– Стой тут, Дуняшка, – услышал Андрей девичий голосок. – Жди…
Калитка скрипнула, зашуршали юбки, пронеслись по двору быстрые ножки, гостья стала стучать в Гришино окошко, перстеньком о ставень. Андрея и стоящего рядом Еремея она впопыхах не заметила.
– Что еще такое? – громко спросил разбуженный Гриша. – Ивашка!..
– Молчи, Христа ради! – взмолился звонкий голосок. – Братец, батюшка, выручай!
– Маша… – прошептал Андрей.
Он помнил девушку еще десятилетней; бывая у Беклешовых, замечал, как та растет и меняется. Гриша все подшучивал, что растит другу жену…
– Что за диво? – Гриша в одной рубахе подошел к окну, выглянул в щель. – Сестрица? Точно! – он зажег свечу и, кутаясь в шубу, выбежал на крыльцо. – Что стряслось, Маша? Отчего ты здесь?
– Батюшка-братец! – пылко заговорила Маша. – Христа ради, помоги! Мне деньги нужны! Я знаю, тетенька тебе табакерку золотую подарила! Отдай мне, ради Бога, я тебе другую потом куплю!
– Да что стряслось? – спросил Гриша.
– Ой, Гришенька… Деньги нужны! И перстенек с рубином дай… И тот, что с алмазиками… Все, что можешь…
– Ты растолкуй! – перебил сестру Гриша. – Прибегаешь среди ночи, а коли тебя кто заметит, как ты в полку бегаешь? Днем приехать не могла или за мной послать?
– Братец, батюшка, не могла!
– Жениху донесут, как ты по ночам носишься.

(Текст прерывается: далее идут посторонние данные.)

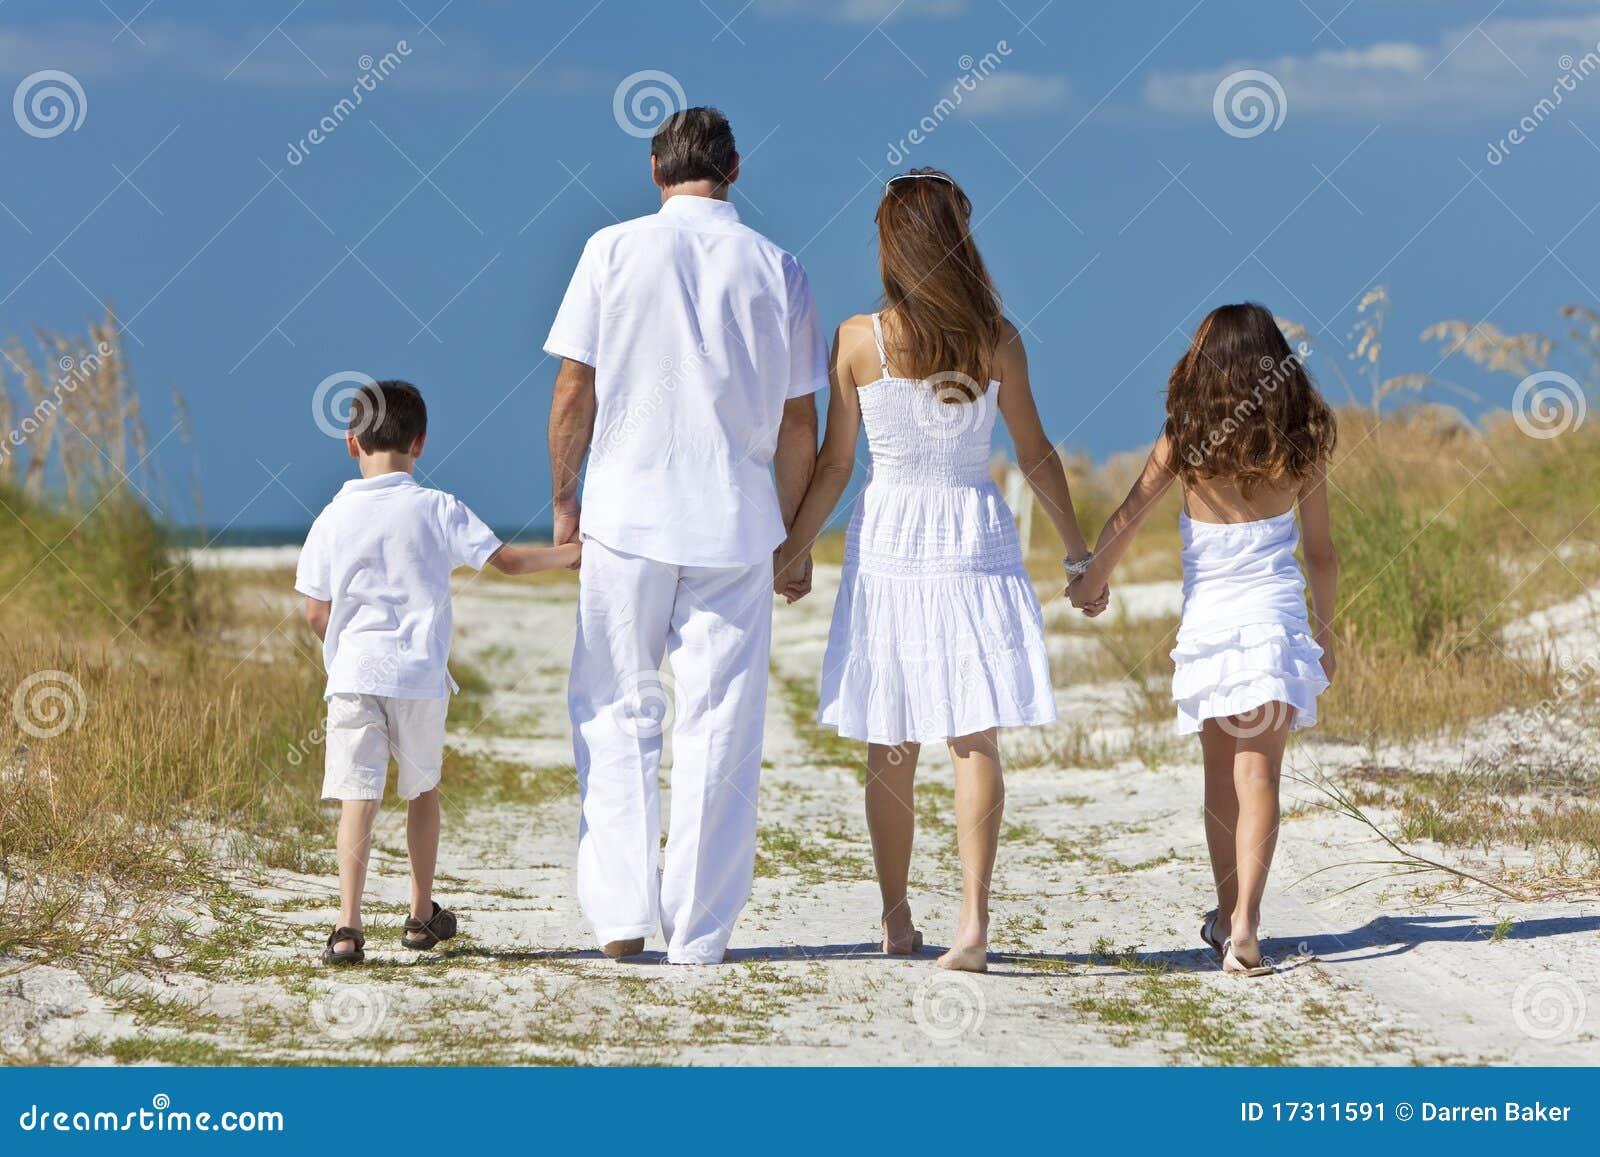 Сын с мамой а папа с дочькой 4 фотография

– Христа ради, дай мне табакерку с перстеньками! И денег – сколько можешь… ну хоть пятьсот рублей!..
– Маша, ты вздор несешь. На что тебе такие деньги? Разве на подвенечный наряд недостало?
– Братец Христом Богом!.. Все верну!.. Не то беда случится!.. Только батюшке не сказывай!
Плачущий девичий голос был невыносим для мужского слуха, солидарность с единственной сестрой перед отцовским самодурством да и просто привязанность к Маше подсказали ответ:
– Погоди, сейчас вынесу. Прими свечу.
– Гришенька, голубчик мой, век за тебя буду Бога молить!